DuneSlide is about getting out of the box. The entry point for both flaws is prompt injection, and the attacker never touches your Cursor. They leave instructions inside something the agent reads for you, like a response from a connected MCP server or a page pulled in by a web search. You ask an ordinary question, the hidden instructions ride along, and because there is no click or approval involved, Cato labels it zero-click.
Both flaws then run the same play: get the agent to write one file it should not be able to write, and use that write to switch the sandbox off. On macOS the target is the sandbox helper binary itself, at /Applications/Cursor.app/Contents/Resources/app/resources/helpers/cursorsandbox. Overwrite it, and every command after that runs unsandboxed.
The two doors
CVE-2026-50548 abuses a parameter. When the sandbox runs a command, it allows writes into that command's working directory. The working directory is an optional field, working_directory, on Cursor's run_terminal_cmd tool, and it is set by the model. When the agent picks a non-default value, Cursor adds that path to the allowed-write list without checking it. A prompt injection points it at a system file instead of the project folder. Startup files like ~/.zshrc work as targets too. The notable part is the category. A working directory is not something a remote attacker can normally control. Here the agent is the thing setting it, and the agent takes instructions from text.

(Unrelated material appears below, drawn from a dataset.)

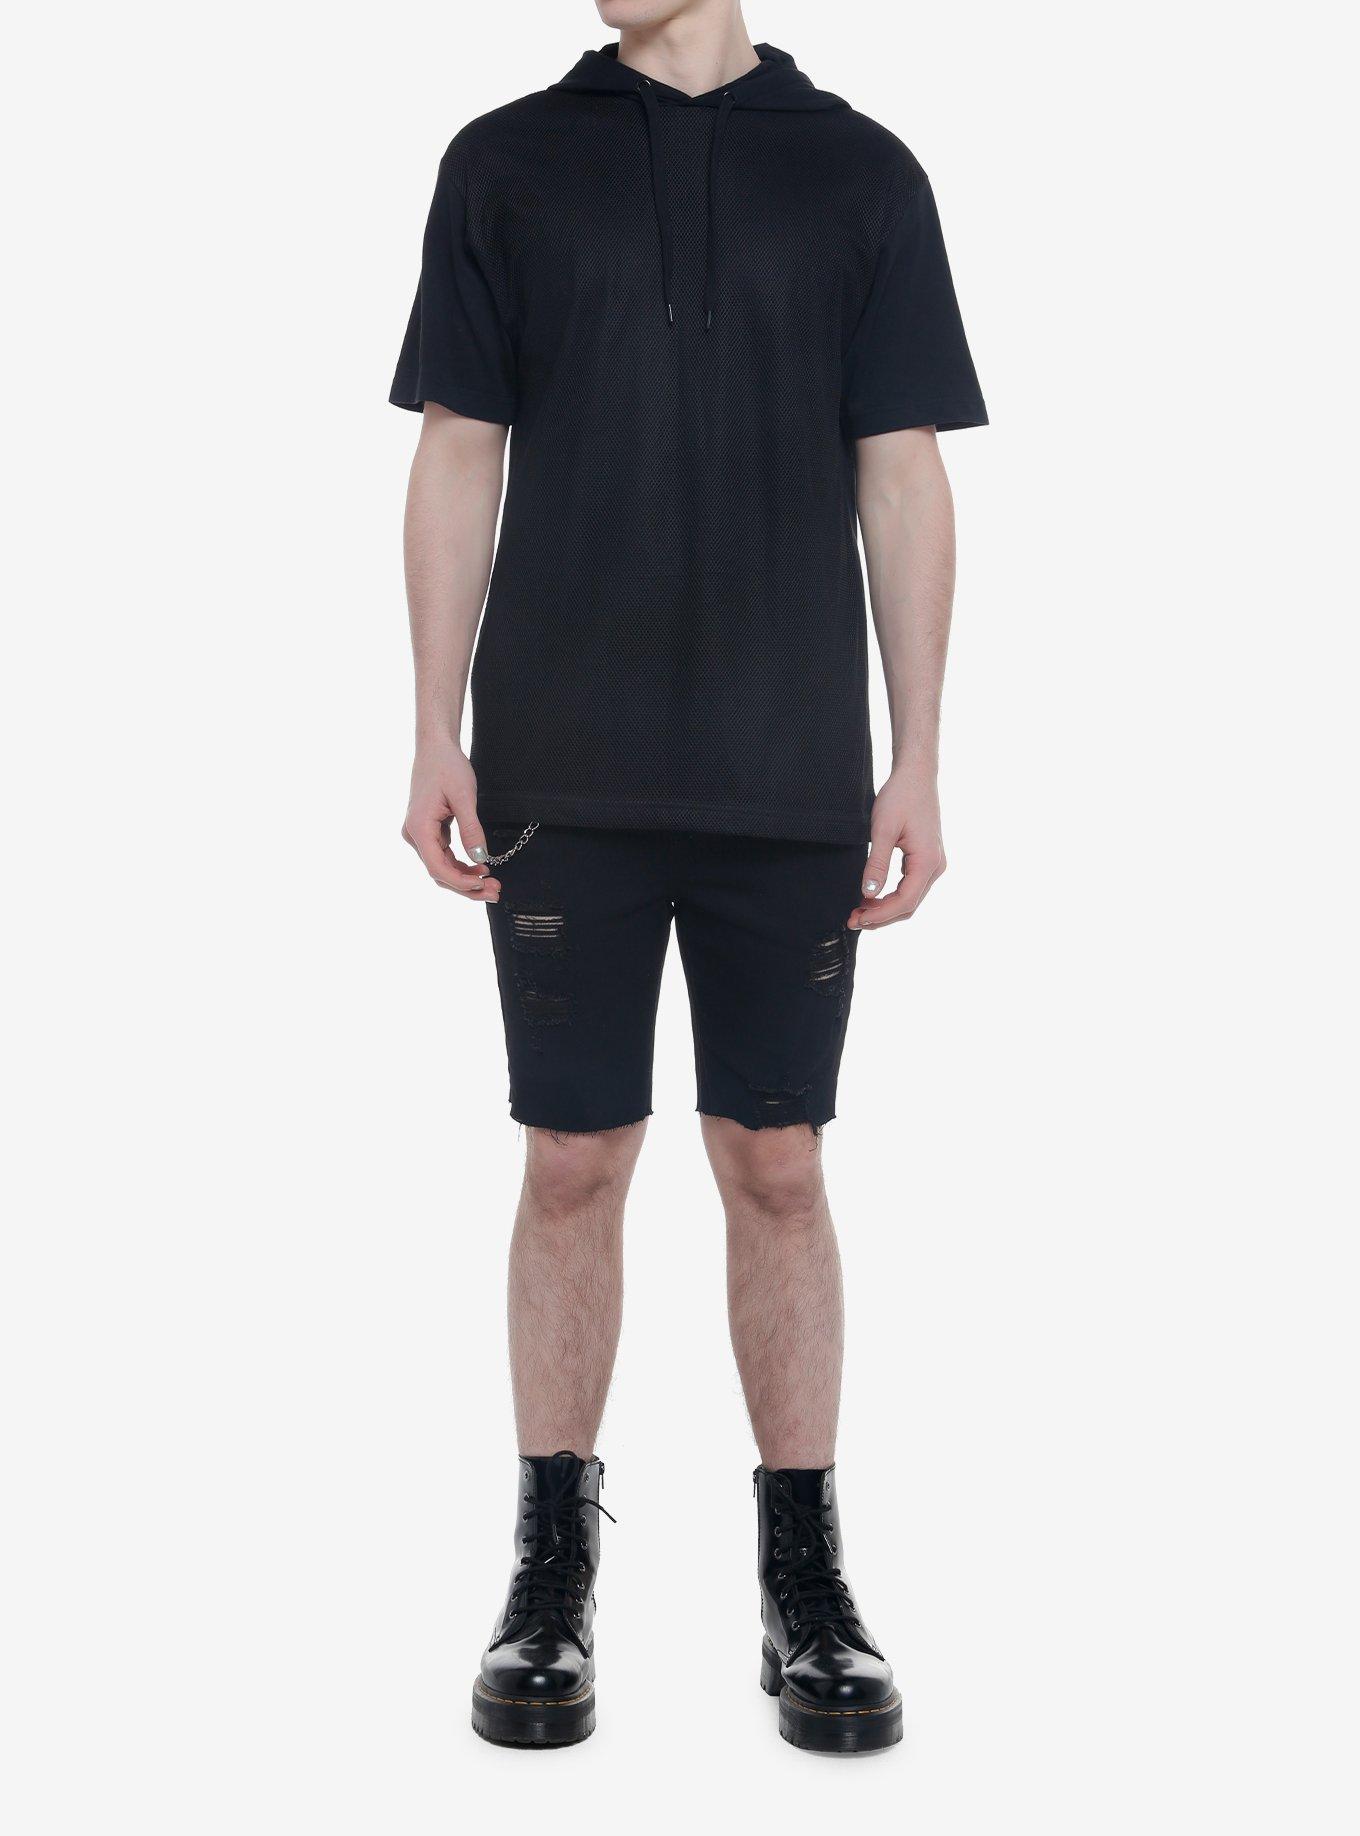 Black Mesh Hooded T-Shirt, BLACK, alternate

CVE-2026-50549 abuses a safety check, and it is fully independent of the first. Before writing, Cursor resolves symlinks to confirm the real destination sits inside your project. The bug is the fallback. When that resolution fails, because the target does not exist or a directory in the path has had its read permission stripped, Cursor gives up and trusts the symlink's in-project path instead of refusing. So the attacker makes a symlink that points outside the project, forces the check to fail, and Cursor writes straight through it to the same sandbox helper. Different door, same room.
Once the helper is overwritten, the next command runs as you. That is the developer's machine, plus any cloud or SaaS workspace the editor is signed into, from one prompt that looked harmless.

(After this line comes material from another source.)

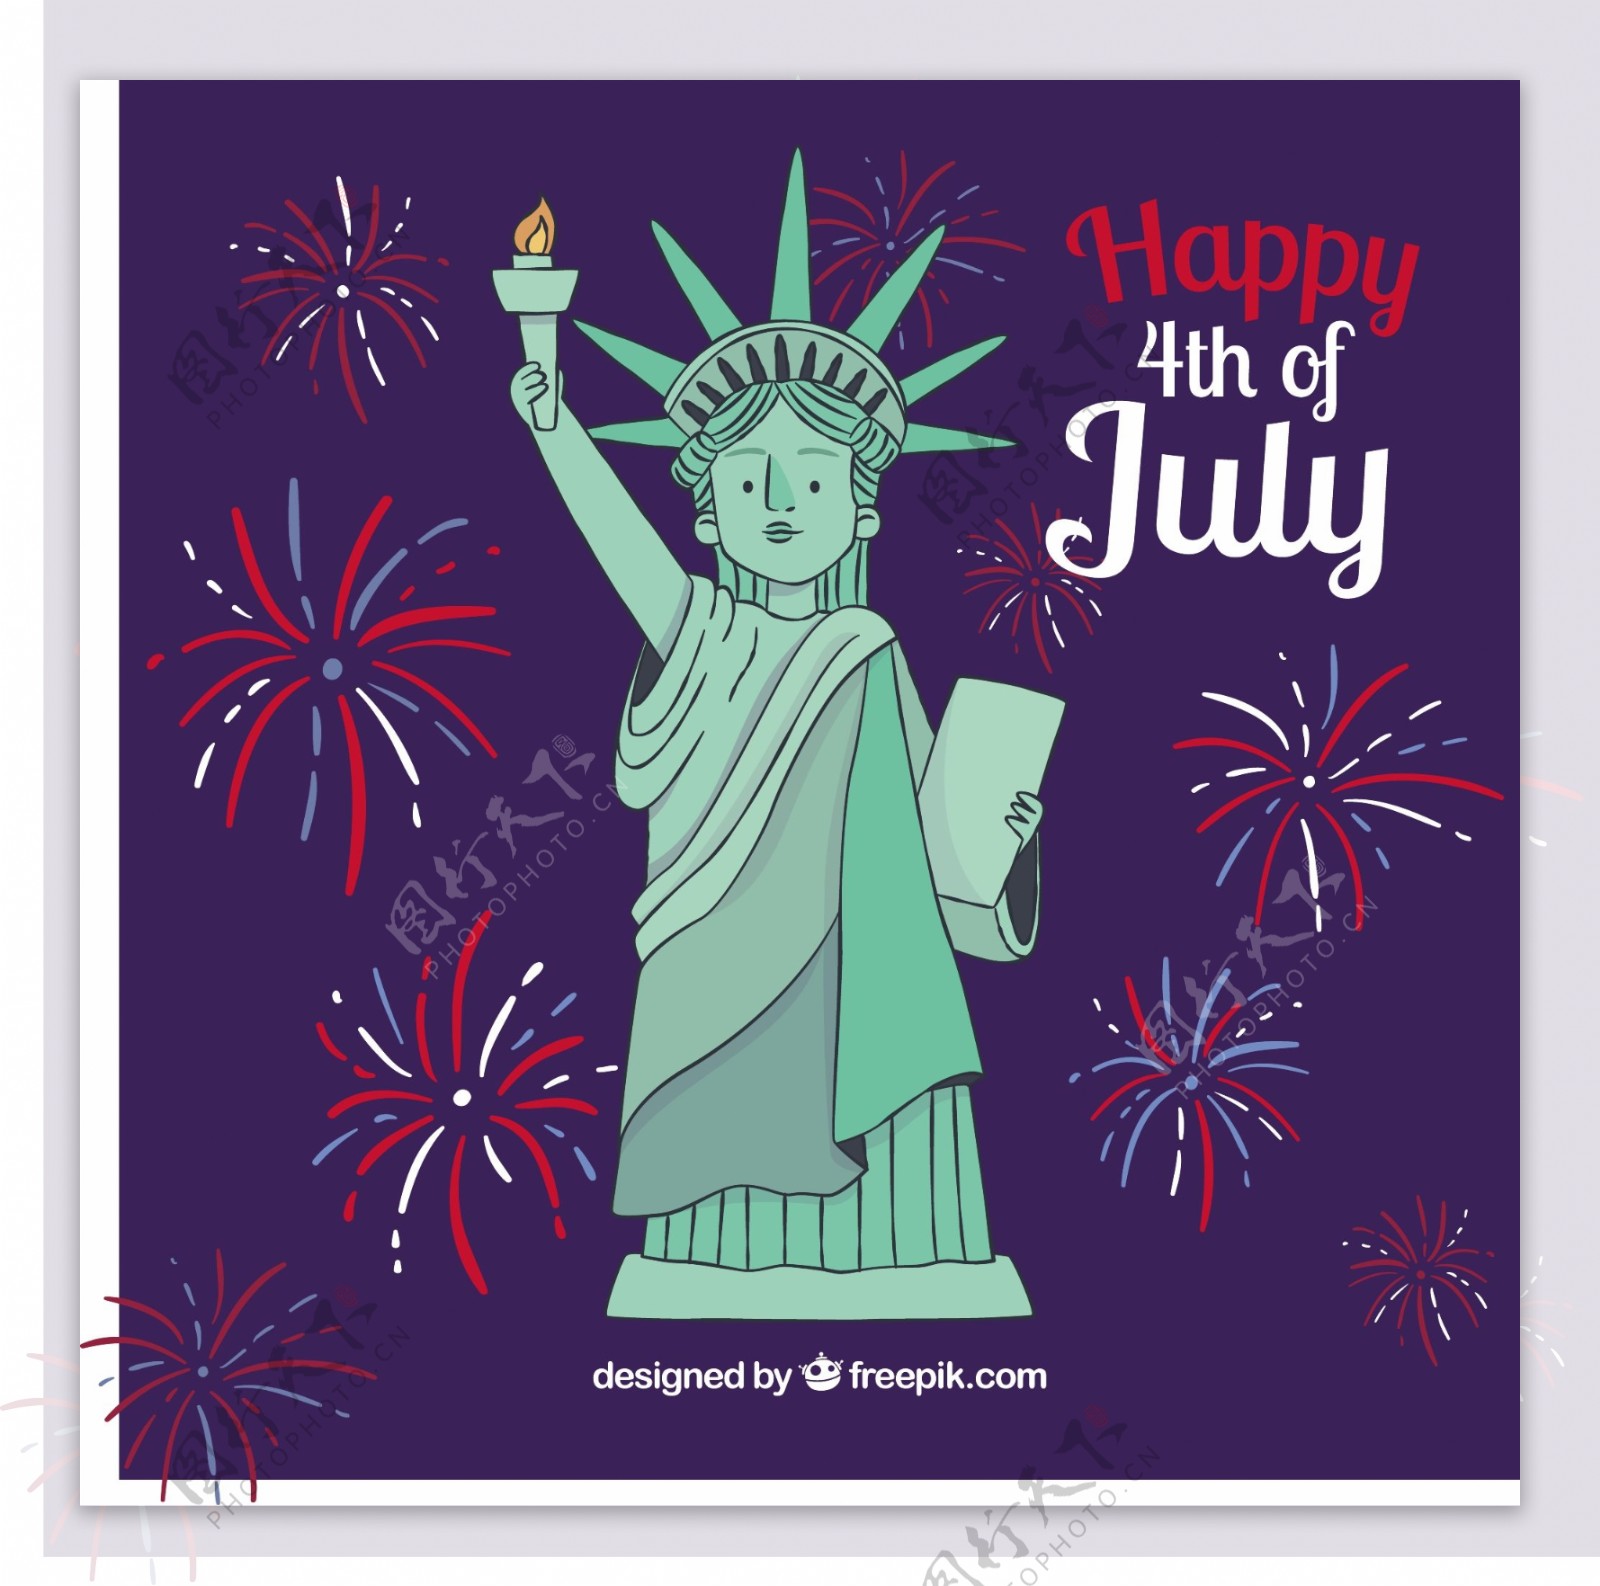 烟花和自由女神雕像美国独立日背景

The disclosure was not smooth
The timeline is worth reading, because it is not the usual clean handshake. Cato reported both issues on February 19. Four days later, Cursor rejected them, on the grounds that its threat model did not cover misuse of MCP servers, including standard ones like the official Linear workspace. Cato escalated on February 26. Cursor reopened the reports, triaged them, confirmed the working-directory fix for 3.0 on April 1, and confirmed the symlink fix on June 1. Cursor has since published its own advisory for the symlink bug, and the NVD record is live.
The rejection is the tell. "Our threat model does not account for MCP server misuse" is a defensible sentence right up until the agent will read anything an MCP server hands it and act on the contents. If the product treats external text as instructions, then external text is part of the attack surface, whether or not the threat model says so.
Not the first
DuneSlide follows a run of Cursor bugs with the same shape: poisoned input, then code execution, each one stepping around a different guardrail. CurXecute (CVE-2025-54135) and MCPoison (CVE-2025-54136) both landed in August 2025. A booby-trapped Git hook (CVE-2026-26268) followed in February. The 2.x sandbox was the fix for that wave. DuneSlide is a way around the fix.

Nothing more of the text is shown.